Trying to get mental help from the NHS is rubbish

I've been depressed for decades. I've come "out" of it to a state where I'm trying to get help, but I've been suicidal recently. Suicidal to a state where I can recognise I am suicidal and prevent myself actually doing anything. My doctor suspects Bi-Polar, but I'm 'still' waiting for referral to the professionals. In the meantime I've become suicidal to the state where I went to A&E, and they more-or-less told me to go away and stop bothering them (paraphrasing), because I actually hadn't attempt to kill myself. So, I'm left to, next time I'm that low, to actually attempt to kill myself. The NHS really doesn't seem to care that I can recognise my problem, try and ask for help, until I actually do something and either die trying or survive and the physical issue. My Sub-concious protection, such as getting out of the way of moving cars, is slowly shutting down, is that good enough? By the time they get round the me, there may just be a gravestone, but there will be the message of "I did ask for help".

7 Replies

  • Hi there

    I know we are not taken seriously. I went to A&E at my worst. Luckily one nurse there was a mental health nurse who told me my antidepressants weren't strong enough and to go tell my doctor that. When I did he said" I will not be told what medication to prescribe by a nurse!" So that was that. A friend told me to go to the nearest mental hospital and tell them you cannot cope anymore with suicidal thoughts and need help. I haven't done that myself, but keep that in my head as a last straw. Hope you can keep a lid on it , keep in touch. X

  • I don't know what NHS or an A&E are with my being from the United States but I do know about feeling suicidal a great deal of the time and that yes it follows me wherever I go like a shadow. I really hope you can hang in there and that you can get the help you need. It is sad that no one really listens or takes you seriously until you actually have tried to commit suicide, I know cause I've been there and done that. Hopefully you will eventually find someone who will take you seriously. I wish you well.
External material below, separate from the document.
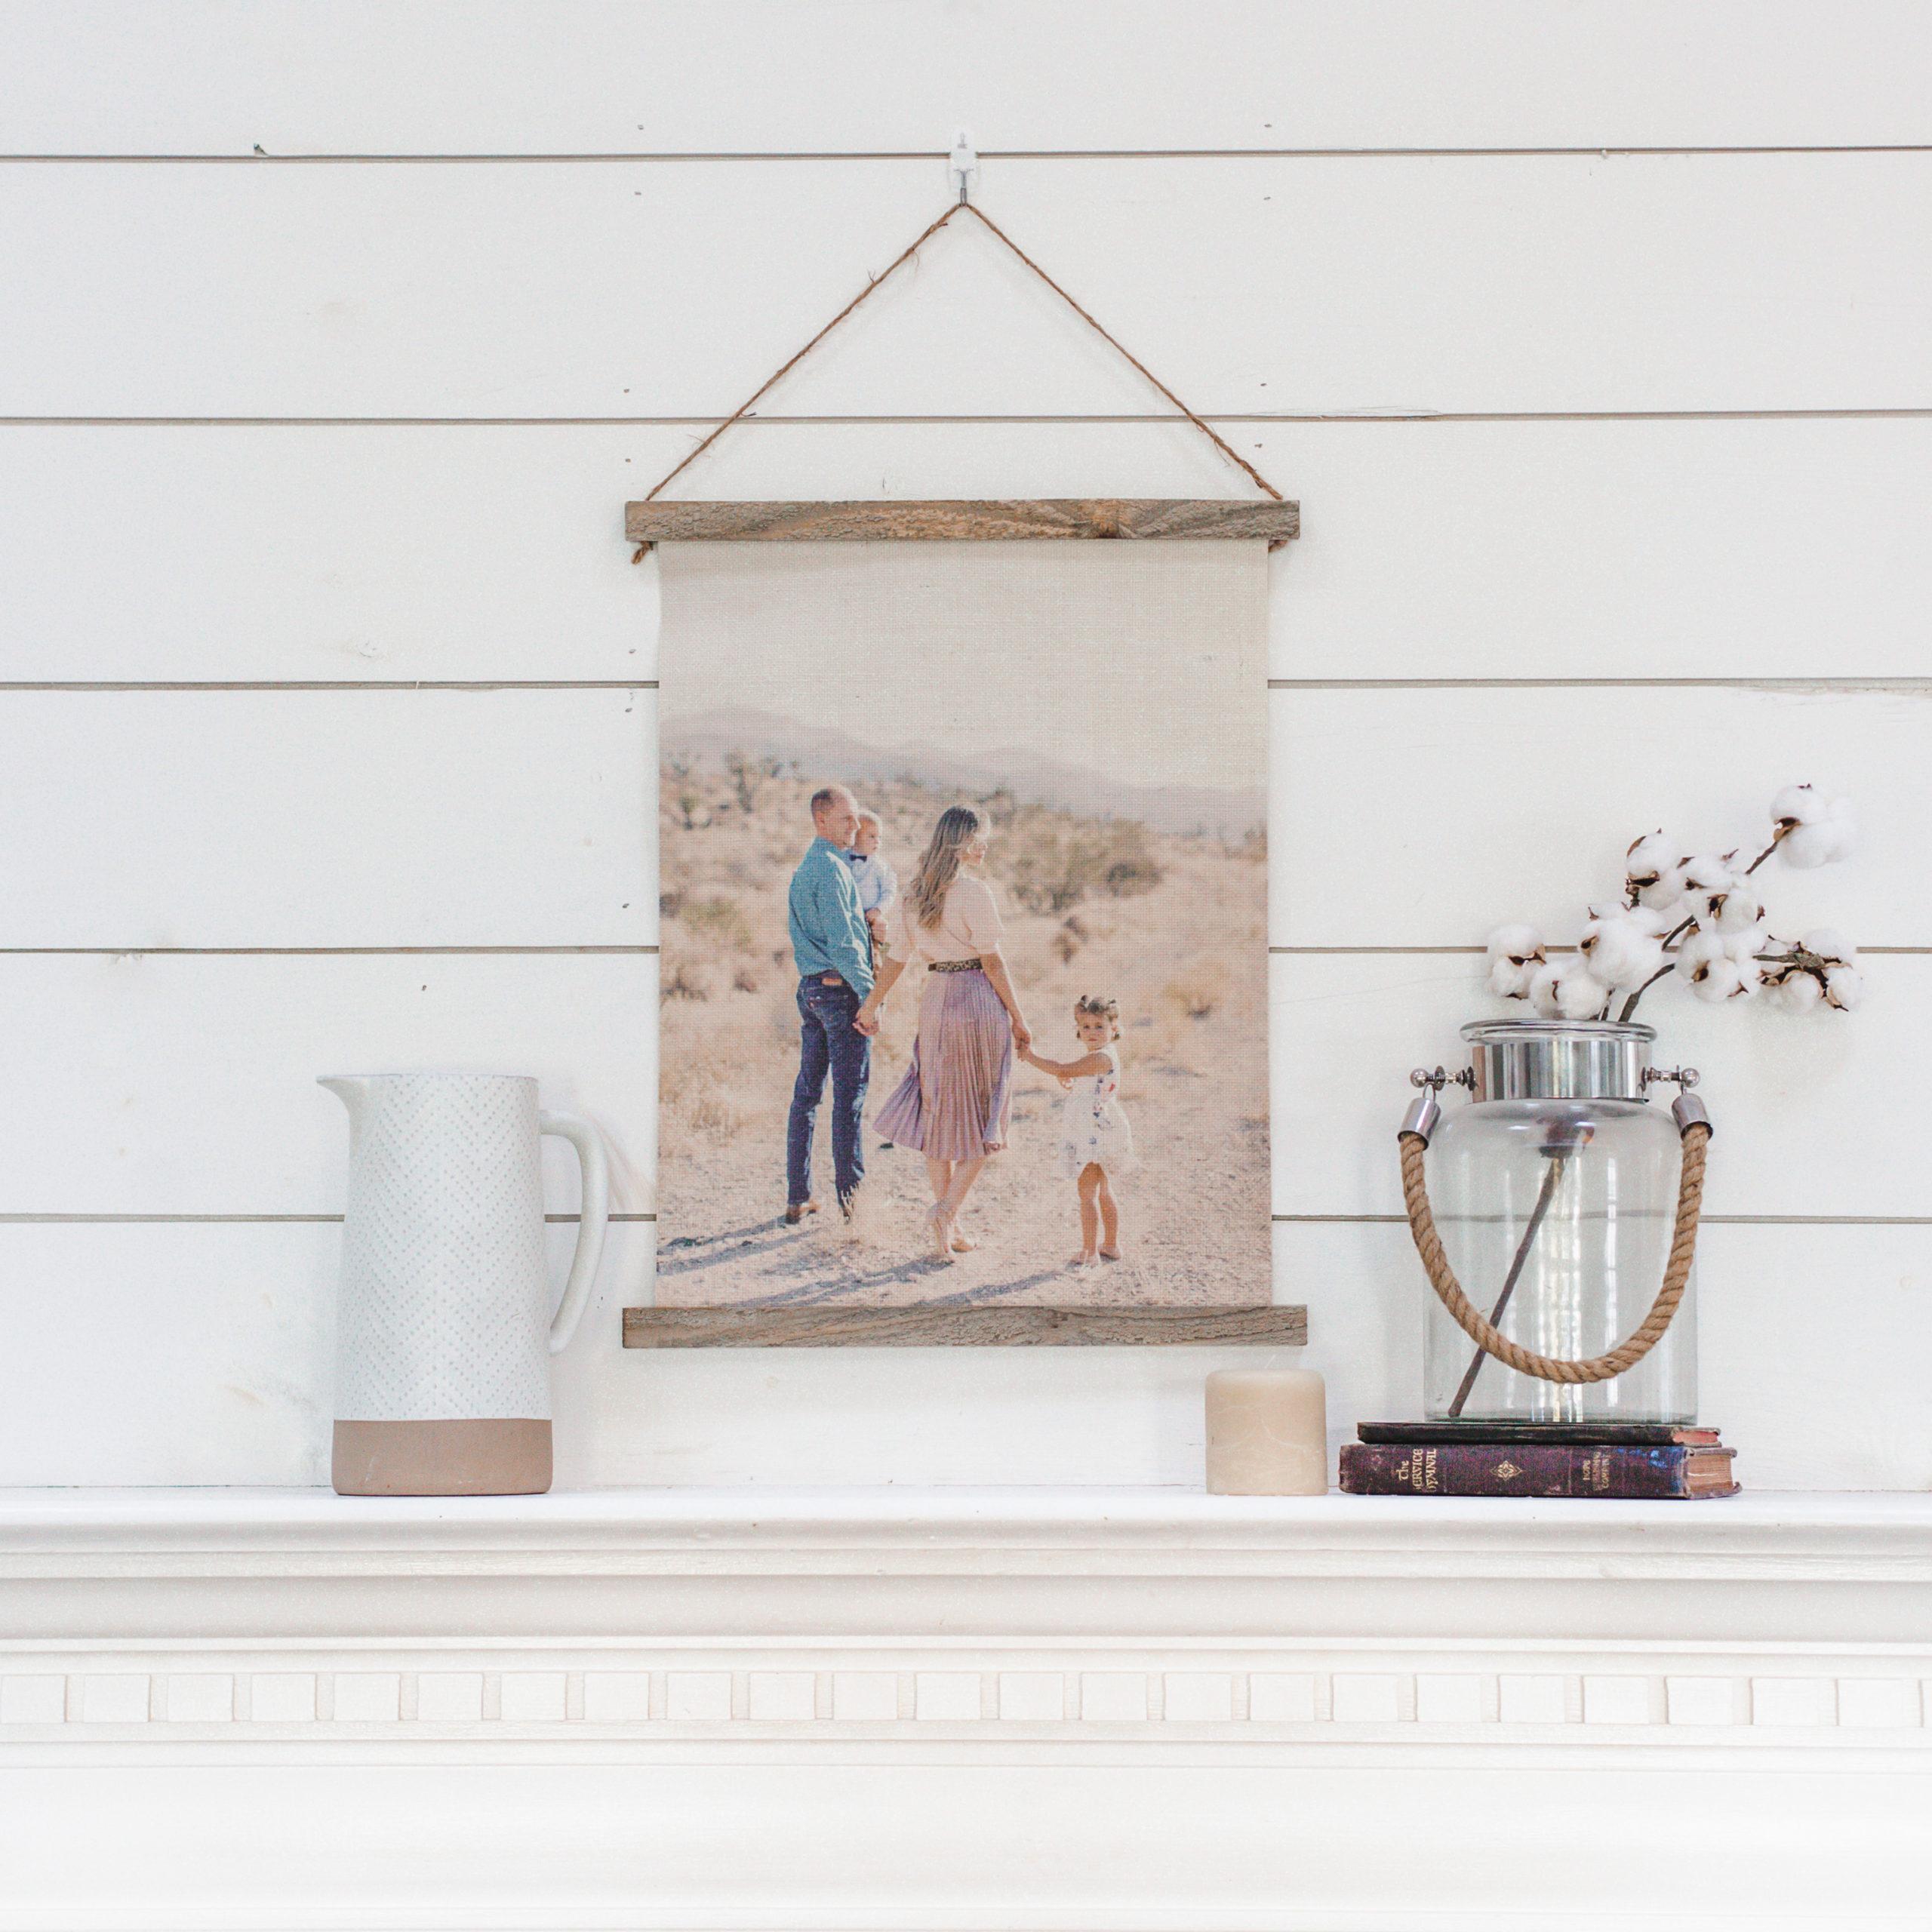 16x20 Hanging Burlap Prints | $29 ($135)

  • NHS = National Health Service (though I have a friend who says this should be the National Illness Service because focus is on treating illness rather than promoting health - which was the original intention when it was set up in late 1940s). A&E is Accident and Emergency - guess it is the equivalent of your ER

  • It's been bubbling over my head over the weekend. Hit another low yesterday. Nearly went again. What's the point? The other phrase he used "Quick Fix" like he's talking to an idiot. I've been depressed for decades. Like I know there's no quick fix, no magic pill that'll fix me. I just want some help to start with. They won't even let me on the first rung of the ladder when I ask for help. "Go to your GP". My GP suspects Bi-Polar, but the specialists have de-prioritised me. So, I hit a new low next time, big deal, another number they don't have to deal with. Multiple members of my family on both sides have mental issues, members have killed themselves over it. But no one really cares. I don't even get the chance to tell the specialists this, just my GP, who isn't even a mental specialist. I was asked by my GP if it would hurt others if I kill myself, trying to guilt me. Very selfish of me to kill myself? After all this time of asking for help, it's very selfish of them to not help me now isn't it? I don't care about my life. My soul will live on into the next life, into the universe anyway.

  • Megumu,

    do you have a friend or family member that could go with you when you go to the doctor?

    Sometimes it is easy to react to particular words and phrases without hearing the whole message. That's not saying that some of the language used hasn't been insensitve but if someone else is there helping you to do the listening they may be able to challenge the insensitivy and get beyond it to the real messages ...

    I'm not saying that I have much faith in the NHS in this country when it comes to treating depression - also suffered for decades - I think the will is there more often than not but the ability to really do anything is very constrained - time, money and actually understanding, particularly as it varies so much from person to person.

  • Only family member left is severely depressed. Barely any friends, but they're too busy, I feel like I'm imposing. I don't know if I am. I've been depressed so long I don't know how to relate to people properly. I was depressed at the time when I was supposed to be learning this, but it's too late now. Even it the depression magically goes away, I won't know how to function in the world.

  • Sorry to hear about family member and small number of friends. Even though it feels like you are imposing it may be worth asking - most people do want to help.

    Developing friendships is something that it really never is too late for.

    You could also look for another GP - though I know that sounds really hard and probably doesn't feel like it would change anything.